## COLLECTED DATA

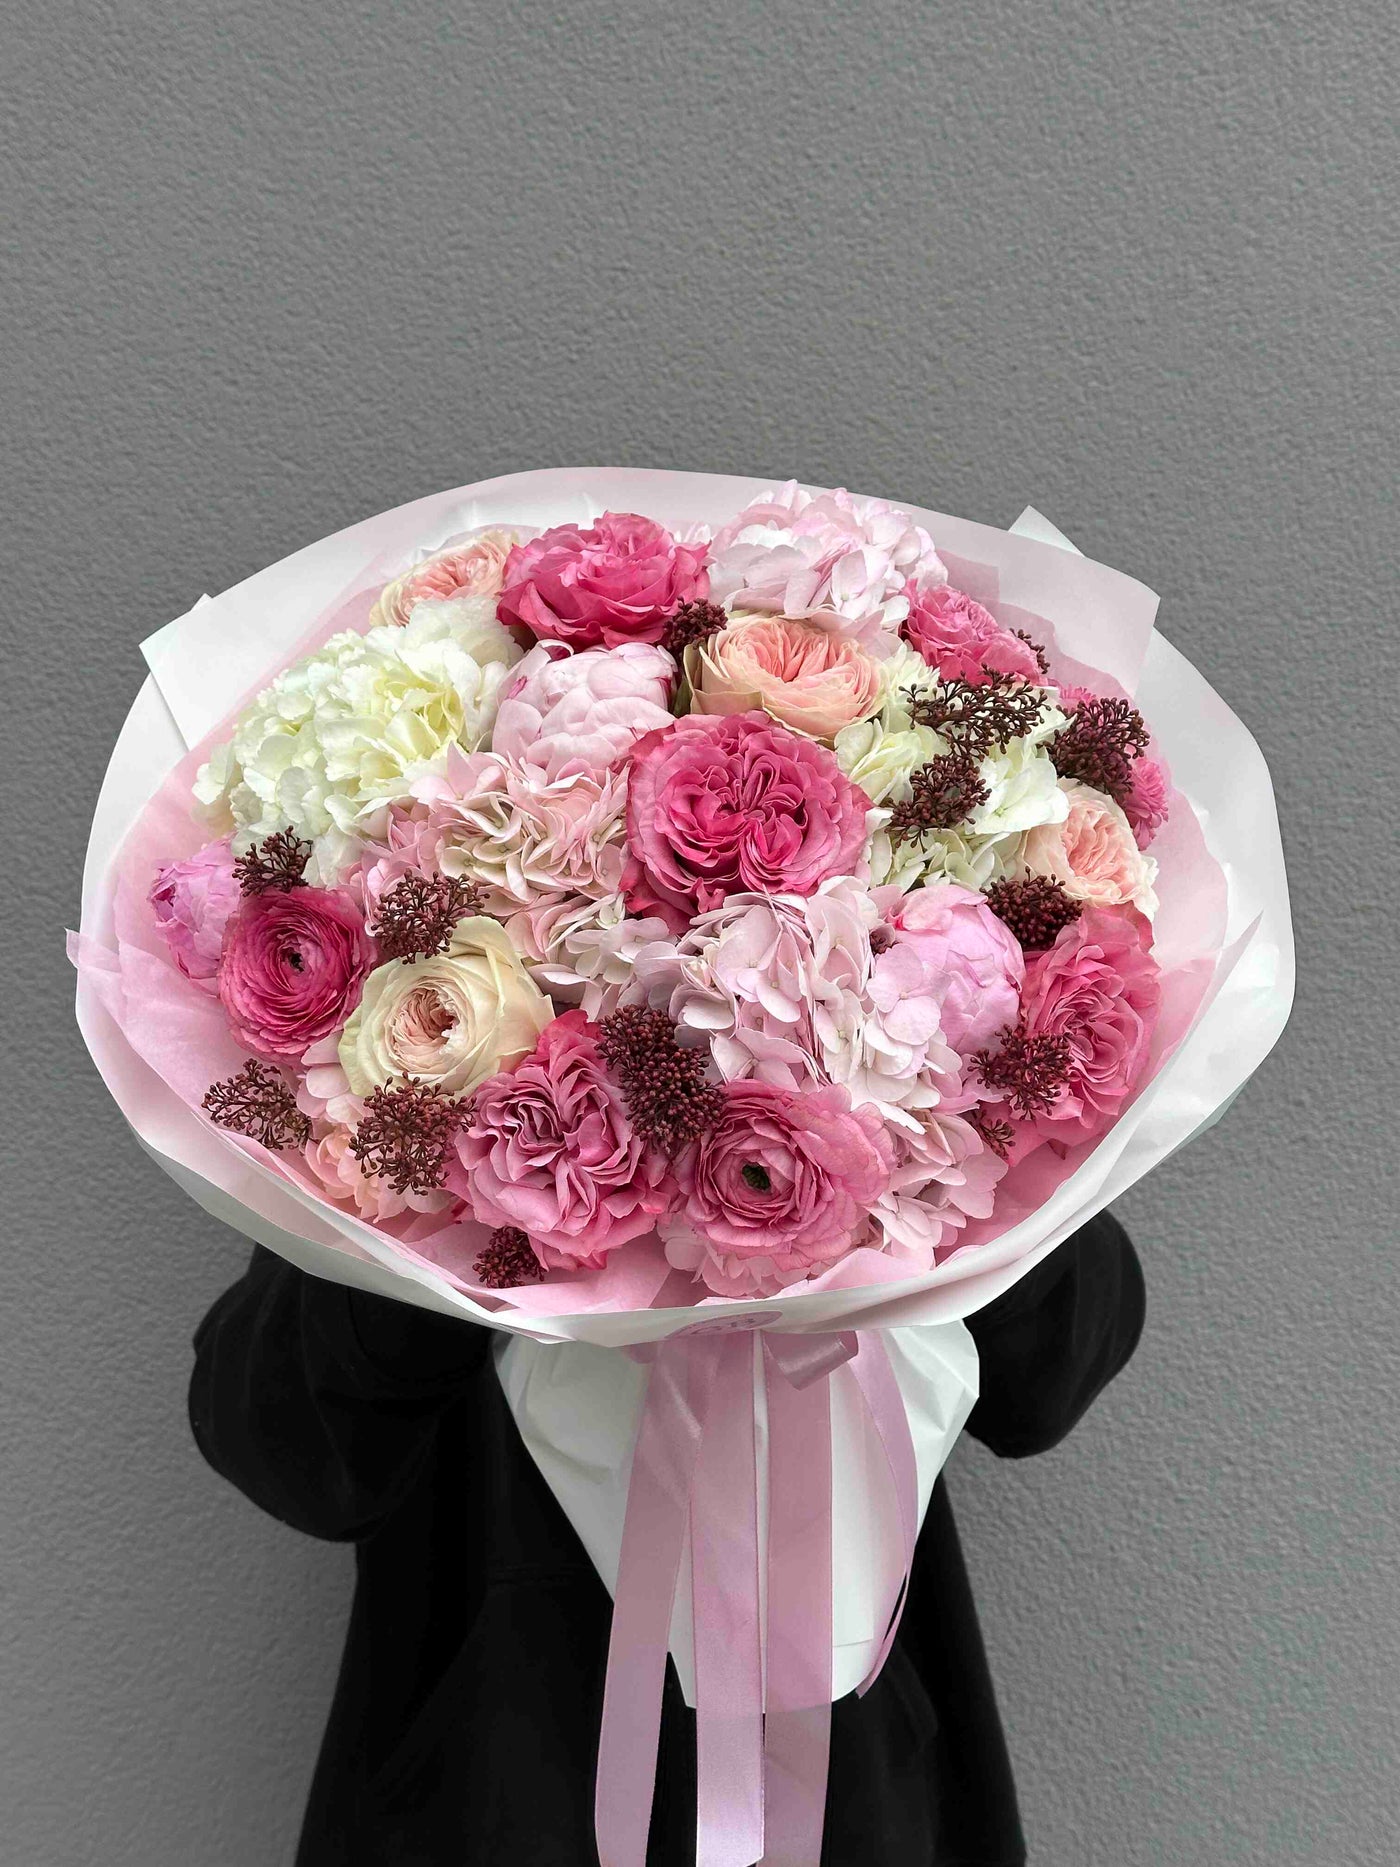 Bukiet "Romantic" kwiaty giftbar.pl 
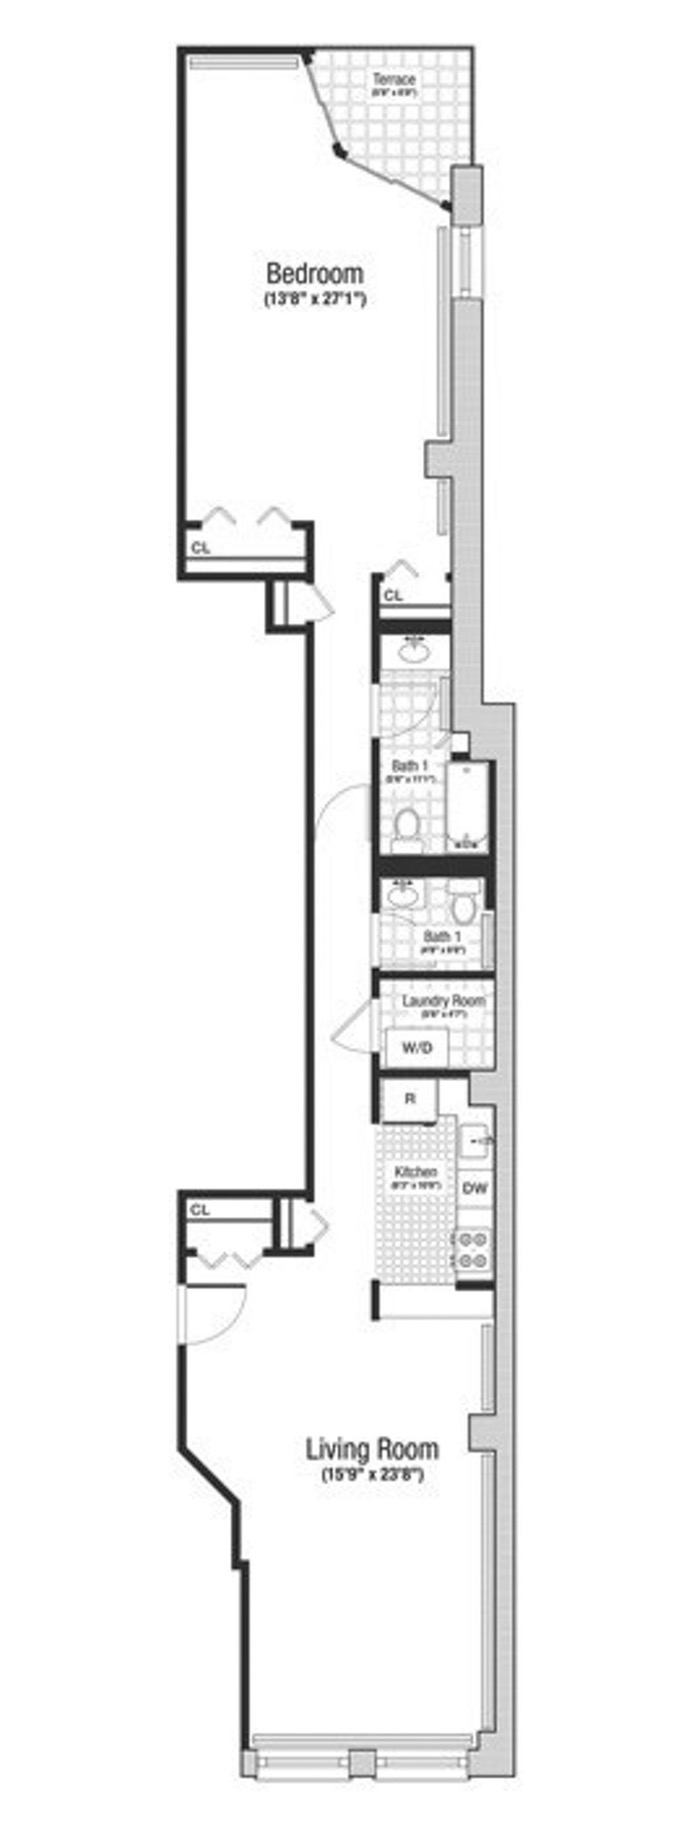 Floorplan for 36 Laight Street, 3A
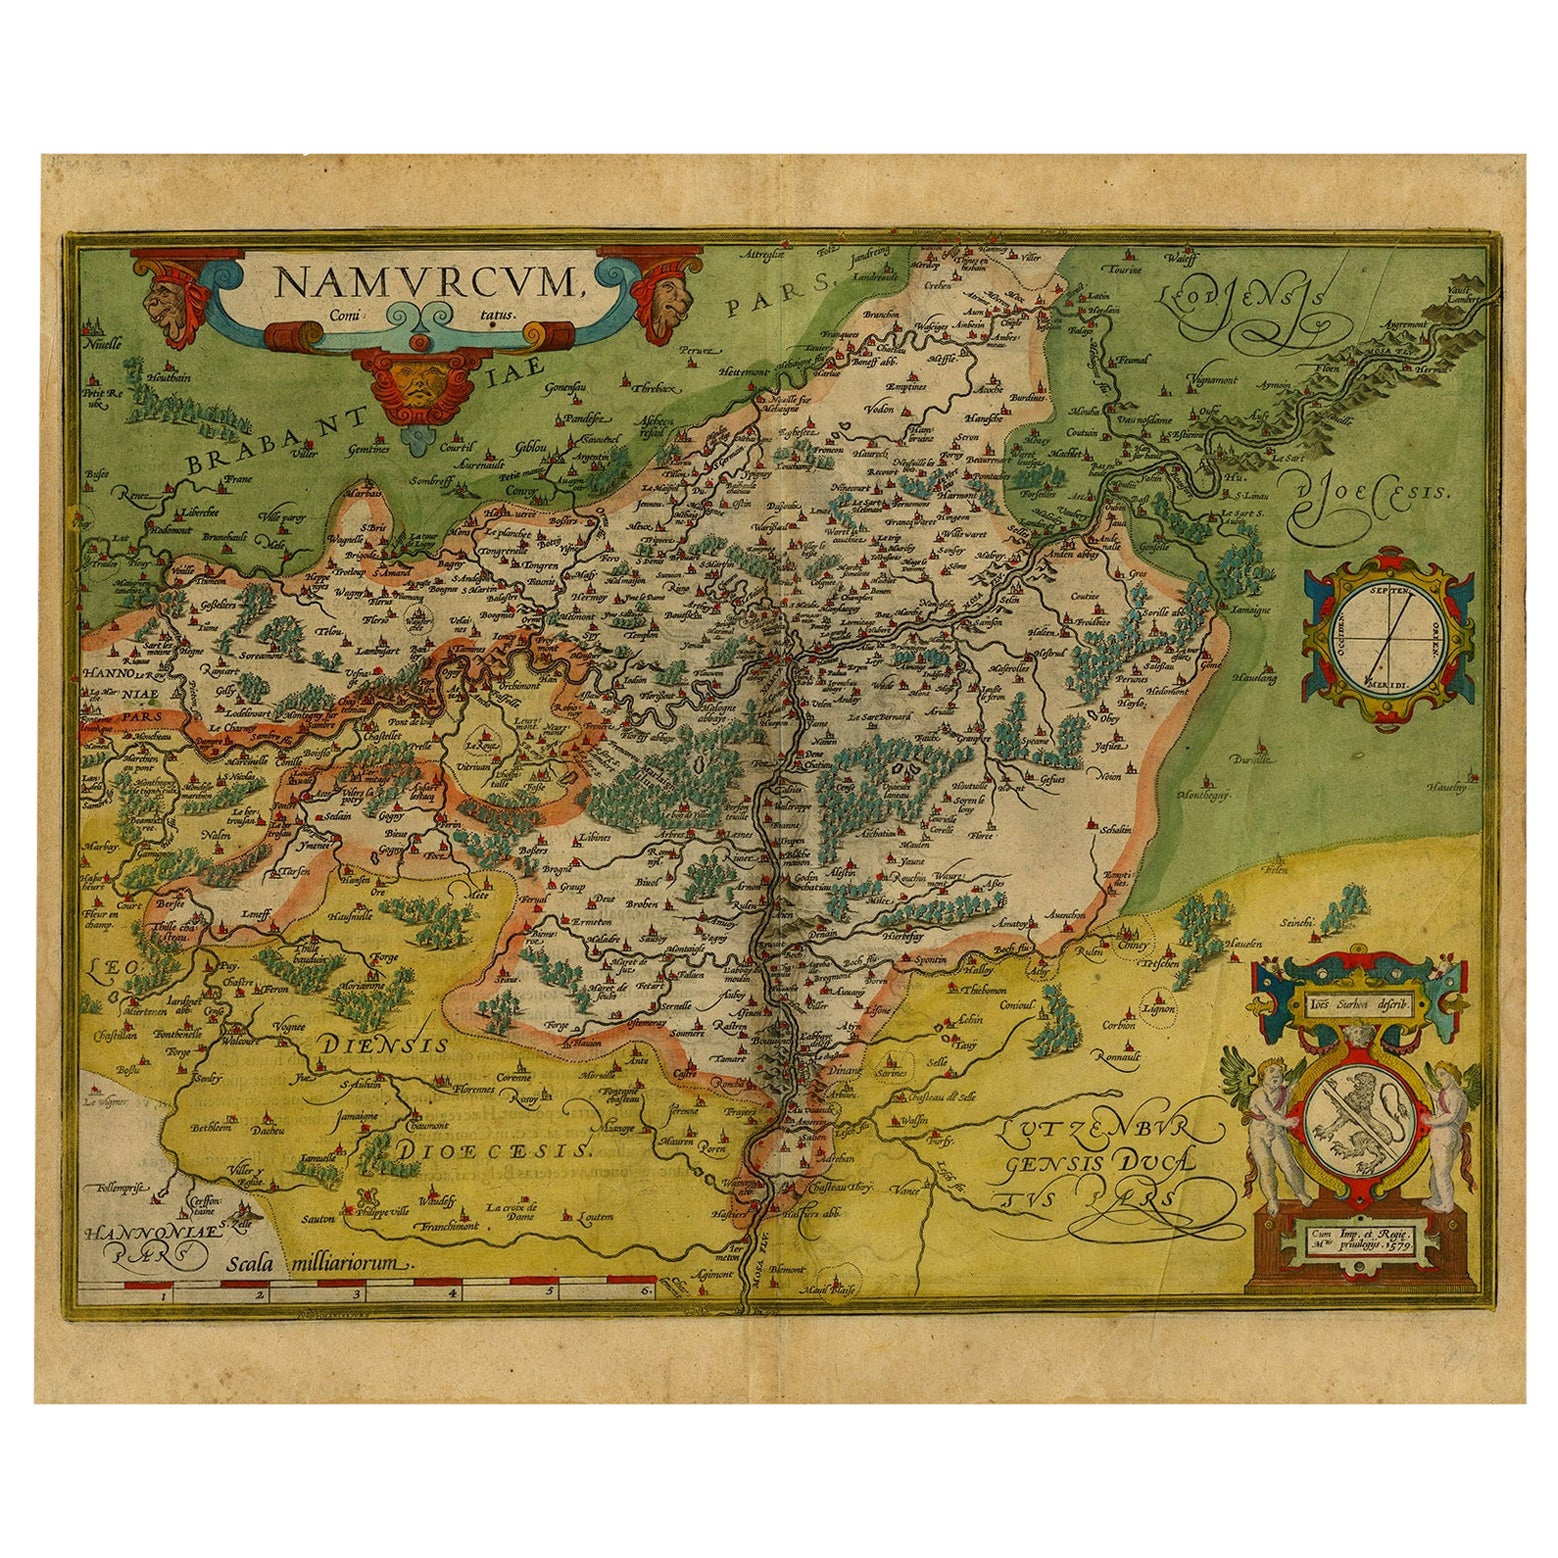 Antique Map of the Namen or Namur Region in Wallonia, Belgium For Sale

## PROBLEM TO SOLVE
No picture should be included when the data are set down again exactly.

## RESPONSE TO THIS EXERCISE
 Bukiet "Romantic" kwiaty giftbar.pl 
 Floorplan for 36 Laight Street, 3A
 Antique Map of the Namen or Namur Region in Wallonia, Belgium For Sale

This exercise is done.